To the OP, the only oil leak problem I had was when I didn't use a MB brand valve cover gasket and I thought I had a head gasket oil leak. I ordered a MB brand valve cover gasket and problem solved.
 

Attachments

#6 ·
If retorquing, a friend told me to back the bolt out a little and start from scratch. Would this make sense here, ie. these are not one time use, need locktite, or something?

If it's not easy for you to find, I'm guessing it will be hard for me, but I do have the original CD-ROM I bought direct from Mercedes, although the original sleeve may have been thrown by my wife accidentally.

Which engine number??? Then I can try looking when I get the chance.
 
#8 ·
You are not disagreeing with me SLK. If you read my email more carefully I said it goes "like" this:

Whatever I said after that was a guess before I checked my manual tonight. So you have it there. 40.6 ft-lbs followed by 2 90 degree turns.
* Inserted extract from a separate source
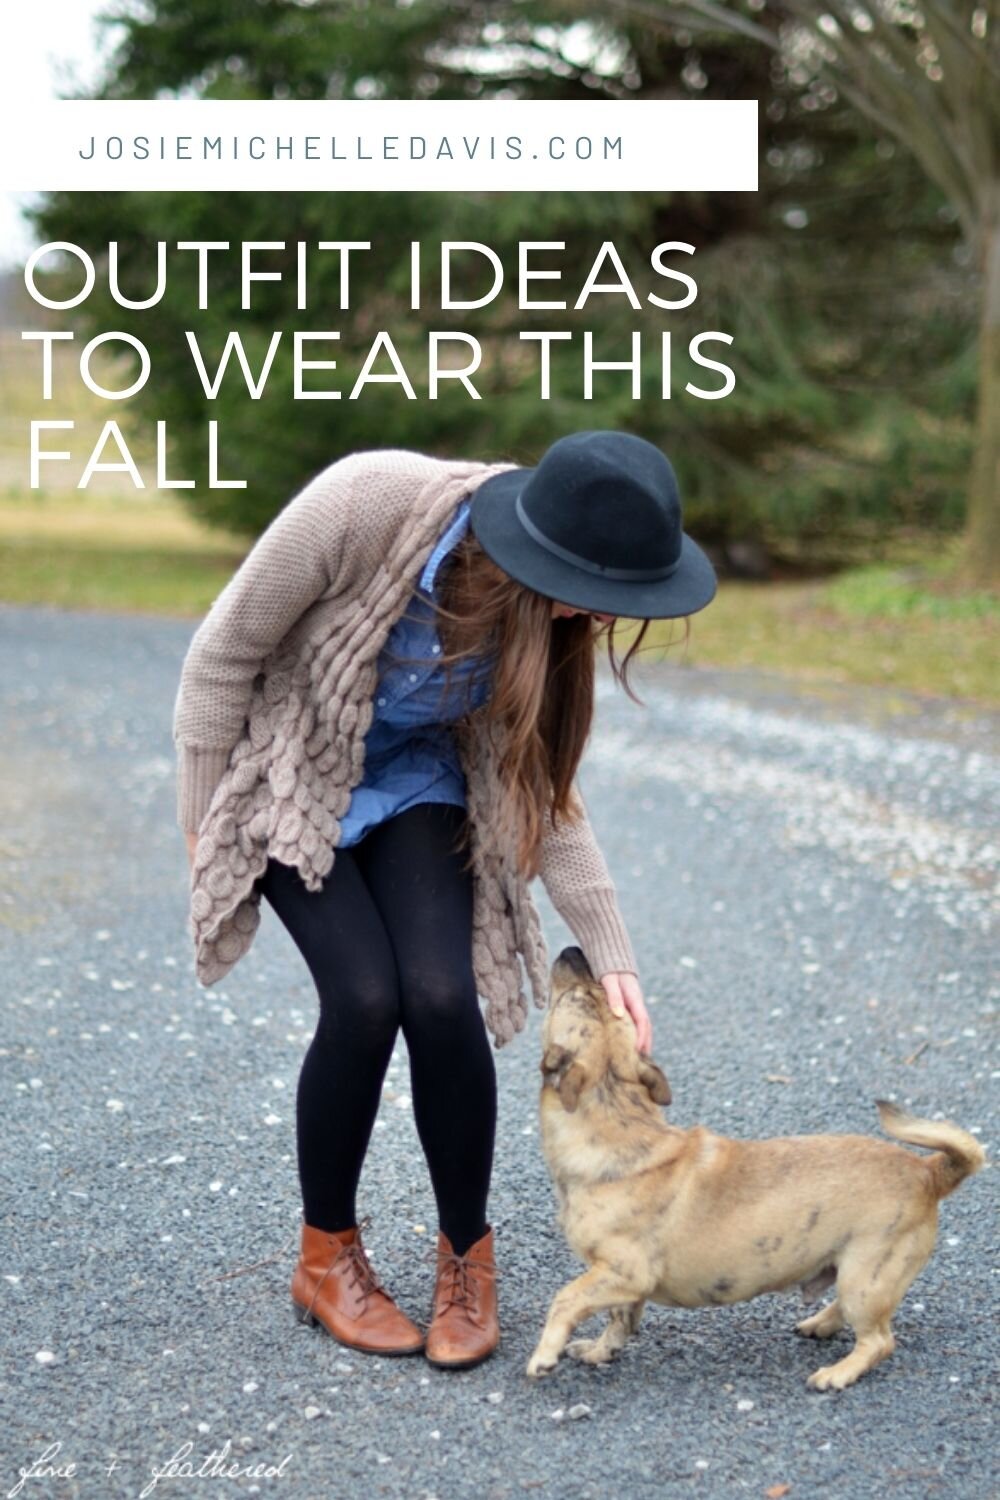 Outfits to try out this fall

My whole point to the OP was that one does not torgue to a spec, the final torque is by turns.

There are two paths here "after" the OP makes sure it is the headgasket that is leaking (I doubt that too for these engines)

(1) Drain the coolant below the head level and remove and replace the head bolts as specified
(2) Do not remove the bolts and just do a quarter turn (or 1/8th) on all with the sequence

I do not own a 4 cylinder but I personally would never attempt to re-torque the head gasket. If that was a tried and proven method everyone would use it. I do not believe it is a well traveled path by others.
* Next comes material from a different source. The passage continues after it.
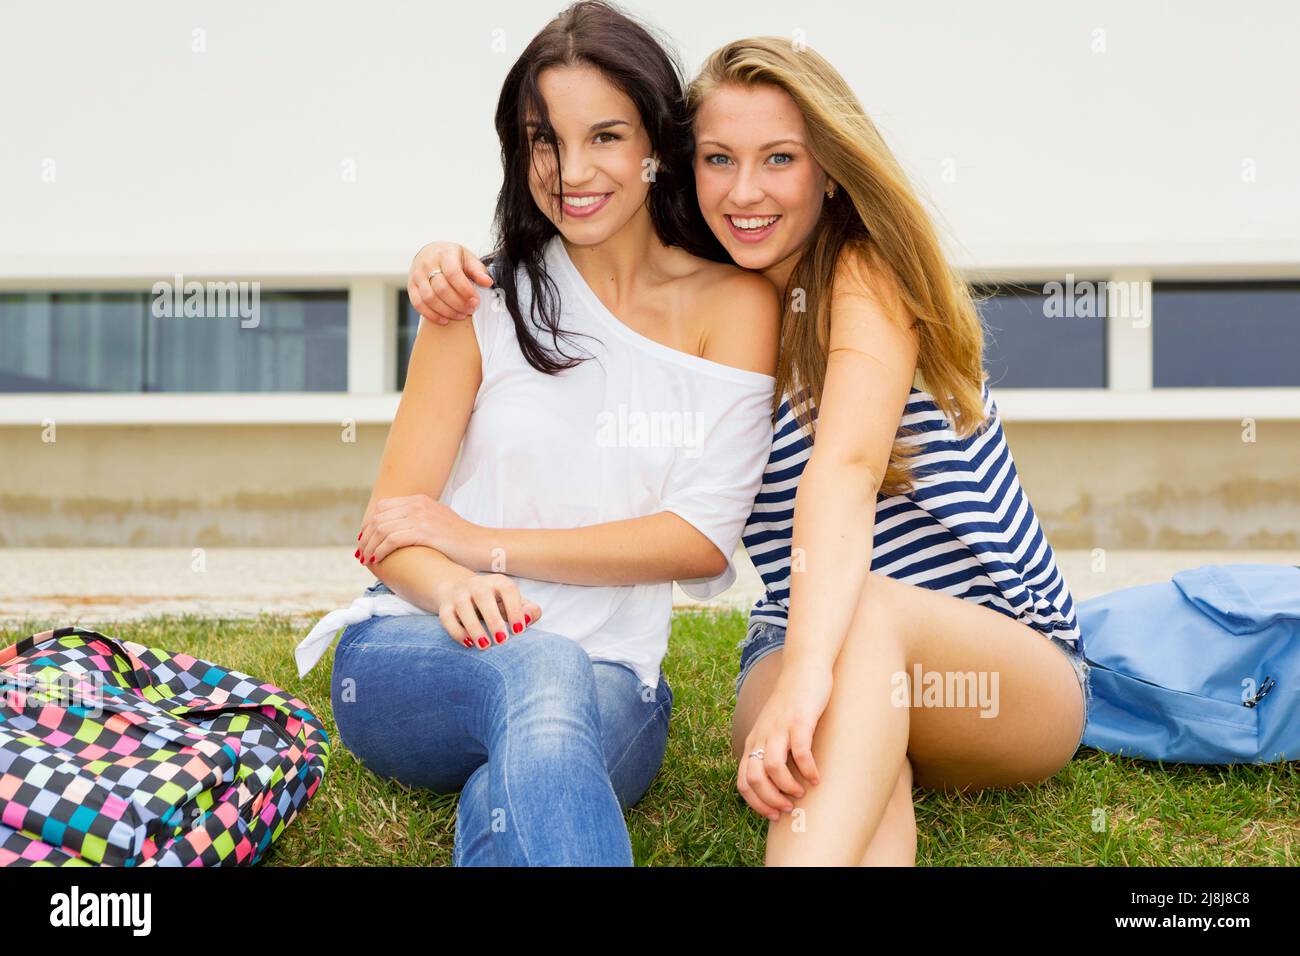 Beautiful and happy teenage students at the school Stock Photo

The reason why I would not is that an oil leak is rather benign and one can not get serious oil leaks from the gasket and not have oil/water mixing or have a blown gasket. I believe an oil leak is the last thing that happens in these head gaskets. Generally it is the valve cover or timing cover or something else.

Mine is a '89 2.6 and at 190K miles and 29 years never had a drop of oil leak from the head gasket before I replaced it. Was leaking plenty from the upper timing cover.

Now 2.3's may be entirely different, and the OP needs members like you to chime in with input as mine is tangential.

- Cheers!
 
#9 ·
The leak isn’t coming from the valve cover nor the timing cover as that leak would originate from the front of the engine. I’ll try to find the link to the thread on here where the fella retorqued the head with positive results. The thread stated to remove 1 bolt at a time,clean, measure and retorque before moving to next bolt. He stated the bolts seated an extra half turn from original and leak stopped. I believe this was an M103 engine? I’m not sure my engine model but its a 2.3L 8V.
Here’s the link http://www.peachparts.com/shopforum/tech-help/389836-m103-head-gasket-re-torque-i-tried.html
 
#13 ·
BTW, do not use the torque numbers he came up with in that thread. I'm pretty sure he had an incorrect start. He had a m103 engine that had different starting torque spec then he should have. He started with 41 lb-ft the M103 takes 52 lb-ft unlike your M102.

So he ended up with bolts slightly looser, and it still worked. His collected numbers are going to be similar to yours though because he torqued his head as if it was a 4 cyclinder.

- Cheers!
 
#14 ·
You have the correct torque specs and sequence, now it's just a matter of doing it. Are you going to check the length of the head bolts to make sure they are all the correct?
Be sure to have the 12mm Serrated Wrench fully seated into the head bolt. Also, be sure to replace the valve cover gasket with a MB brand. A few of us have had oil leaks due to the aftermarket gaskets not being quite as thick as the MB brand.

Good luck, hope all goes well.:thumbsup:
 
#17 ·
Yes, follow SLK's numbers he already posted. You guys share the same engine (M102).
The thread you sent had some mix-up, though he gave some expected torques for his job with 41 ft-lb + quarter turn each time.
You can see if yours is simillar to his numbers but remember there is a reason why one does not torque to a final ft-lb spec.

It must be because the important issue here is "travel/compression", not torque.

So one first gets all the bolts to a moderate position at 41 ft-lbs, then one 'compresses" the head gasket equivalent to a quarter turn each time (which translates to a certain amount of compression of the gasket.

Problem is a used gasket does not compress like a new gasket does. Which is probably why what you are attempting is not an exact science.